Subject: Re: Intel four-way 2.8 Ghz system is just Amazing ! - Not hardly

Author: Eugene Nalimov

Date: 10:54:07 11/12/03

Go up one level in this thread


On November 12, 2003 at 11:55:20, Gian-Carlo Pascutto wrote:

>On November 11, 2003 at 23:42:45, Eugene Nalimov wrote:
>
>>My point is: it's possible that due to the fact that quad Opteron is NUMA -- >not SMP -- system, for SMP-only program performance on quad Opteron can be
>>worse than on *real* quad SMP system, even when for one CPU Opteron
>>performance is much better. Itanium was used only as an example of such
>>system, I never recommended rewriting any program for it.
>
>I don't understand how. The NUMA part is RAM. Even worst case on the Opteron
>RAM is faster than Xeon SMP. So how could it ever be worse?
>
>--
>GCP

I can think of several reasons why scaling is very bad if all the memory was
allocated at one CPU:

(1) Memory *bandwidth*. All the memory requests go to exactly that CPU, so all
CPUs have to use exactly one (or two) channels to memory.
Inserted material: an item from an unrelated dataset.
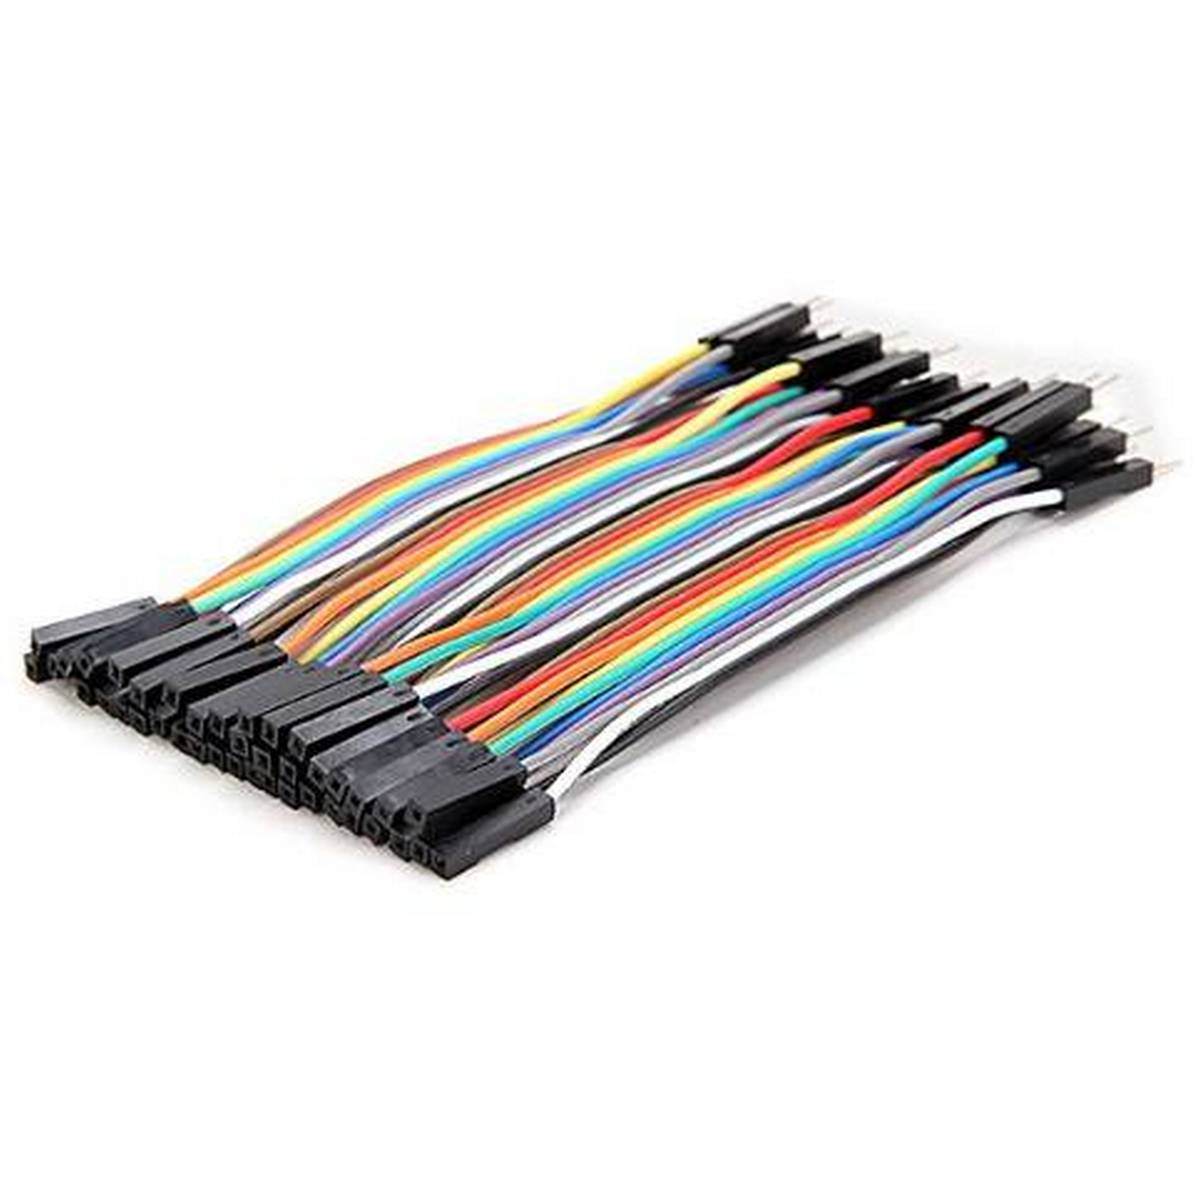 Jumper Wires 40 Pins Male To Female - 10cm For Breadboard, Arduino

On Xeons *worst case*
memory bandwidth is higher.

(2) CPU-to-CPU *bandwidth* -- memory transfer speed is limited by the fact that
*one* CPU has to process memory requests for for *all* CPUs. Also notice that
for "normal" topology

  0----1
  |    |
  |    |
  2----3

CPU#3 has to go through either CPU#1 or CPU#2 to reach memory of CPU#0.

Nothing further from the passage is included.